К примеру, один раз он повалился посреди гостиной, закатил глаза и судорожно затрясся всем телом, а изо рта пошла пена. Нино подумала, что у Гурджиева припадок, и, напуганная, выскочила из комнаты. Обалдевший Нико решил, что Рай умирает. При виде его судорожно скрюченной руки он вдруг твердо решил вложить в нее саблю. Откуда-то вспомнил, что рыцари умирают с оружием в руках. Помчался к кладовке, где должна была храниться сабля его детства. Пластмассовая, правда, но очень похожая на настоящую. В спешке он не нашел ничего путного, кроме отвертки. Не долго думая, прибежал к Раю и вложил инструмент ему в руку. А тот неожиданно разразился истерическим смехом:
– Ха, ха, ха… – Он даже приподнялся с пола, – ты за сантехника меня держишь, дружок?

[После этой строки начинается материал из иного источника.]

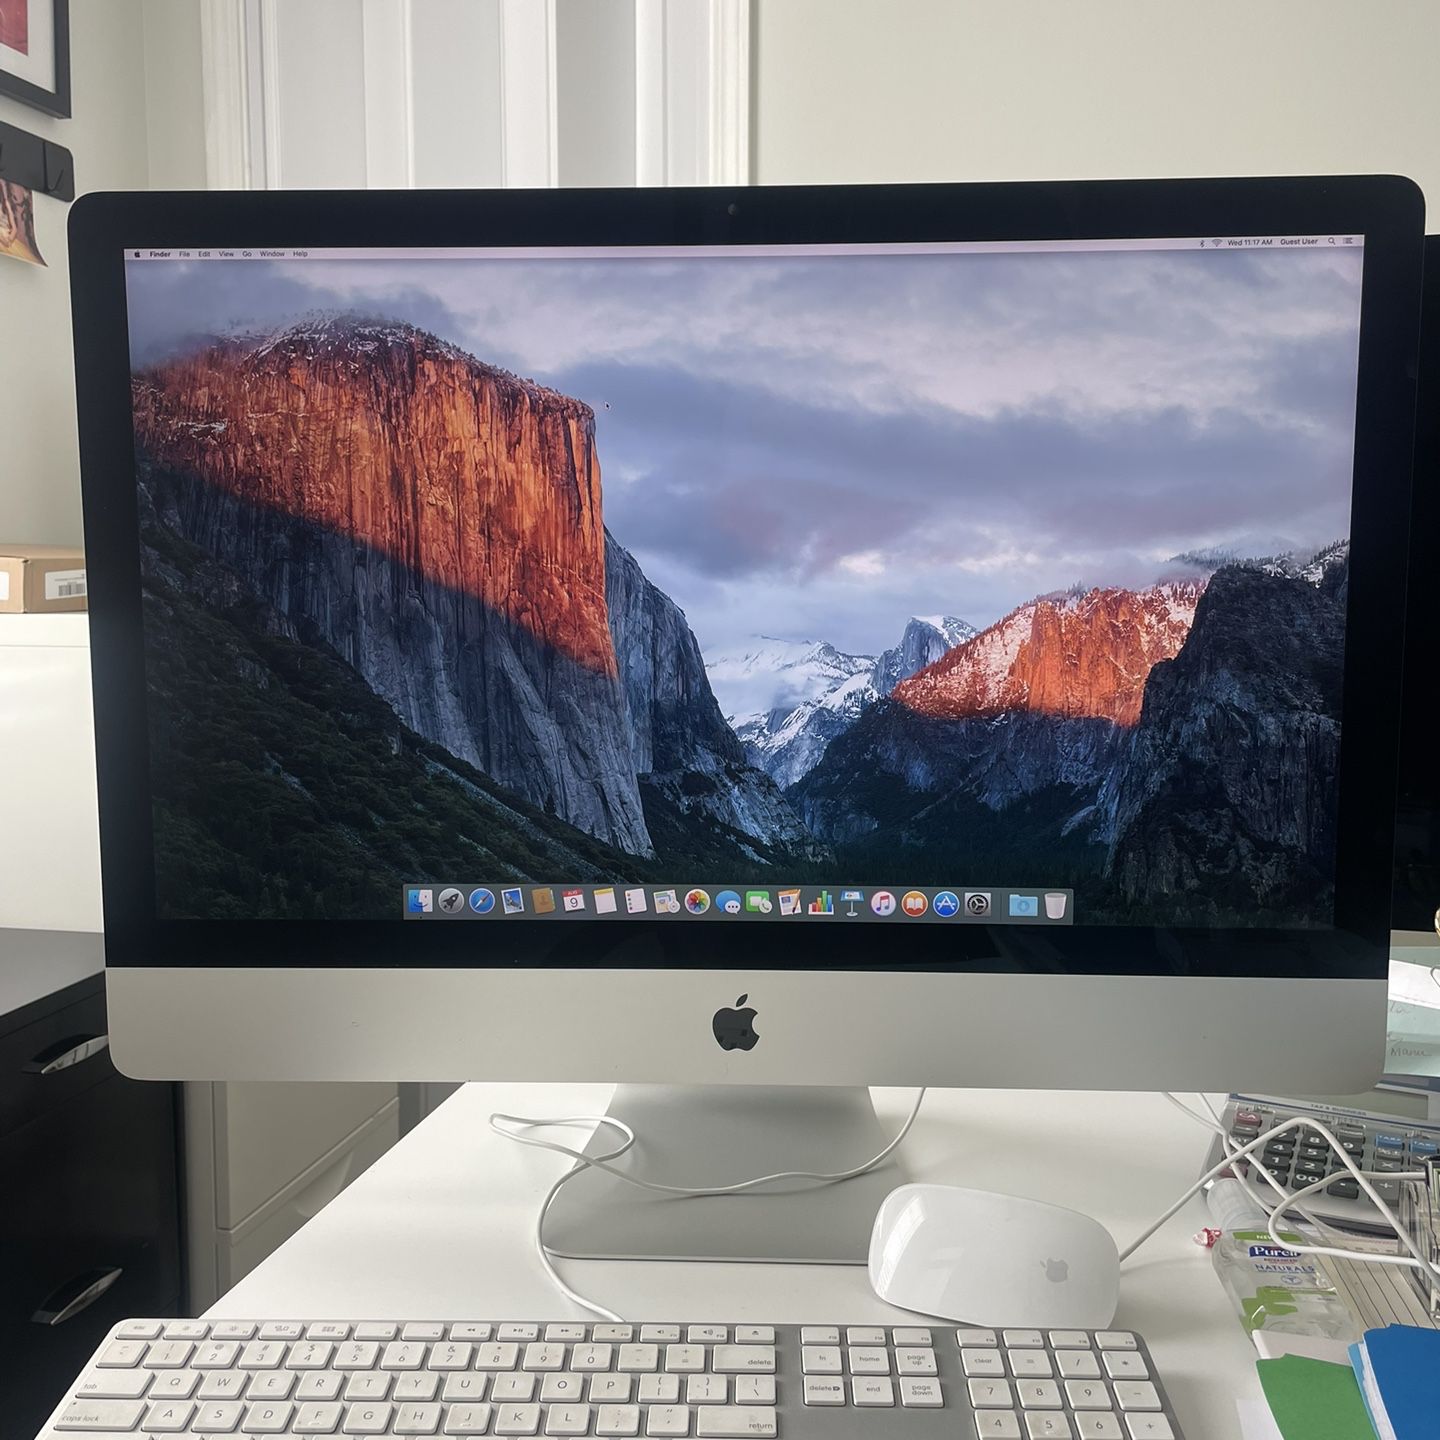 27” iMac 5k retina, 8GB ram, and 1TB SSD (with keyboard and mouse)

Что до Фуко, то он уже не отходил от Гурджиева ни на секунду. Сидел с ним, лежал у его ног, спал, положив голову на его колени. Рубашка, брюки и стопы Гурджиева всегда были в шерсти. По квартире он ходил босиком, как молельщик по мечети. То и дело надевал на голову Фуко свою шапку, а тот моментально застывал и в испуге озирался по сторонам. Гурджиев приписывал это магической силе шапки. Говорил, эта папаха излучает сильные эфирные волны, которые вызывают в мозгу определенные мысли и эмоции, которые его собачий ум не в состоянии постичь. Старик резвился с псом как ребенок: то ушки потрет, то поборется… Фуко то лаял на Гурджиева, то ластился к его ноге. В такие моменты старик послушно стоял и ждал, когда собака кончит свои собачьи дела. А Фуко – с высунутым языком, счастливый, трахал ногу Рая.
В один из дней Гурджиев, только что вышедший из ванной с папахой на голове, вдруг завертелся вокруг своей оси посреди гостиной подобно суфию, павшему в экстаз. Полы халата разлетались, как платье. Разлегшийся на полу Фуко заскулил, прикрыв лапами глаза. В какой-то момент Нино показалось, что старик сейчас не удержится и грохнется. Того гляди, что-нибудь разобьет и сам зашибется. А Гурджиев даже не оступился, браво прокрутившись волчком. Ему никак не мешало его упитанное, как у тюленя, тело и корсет, никогда не снимавшийся из-за радикулита.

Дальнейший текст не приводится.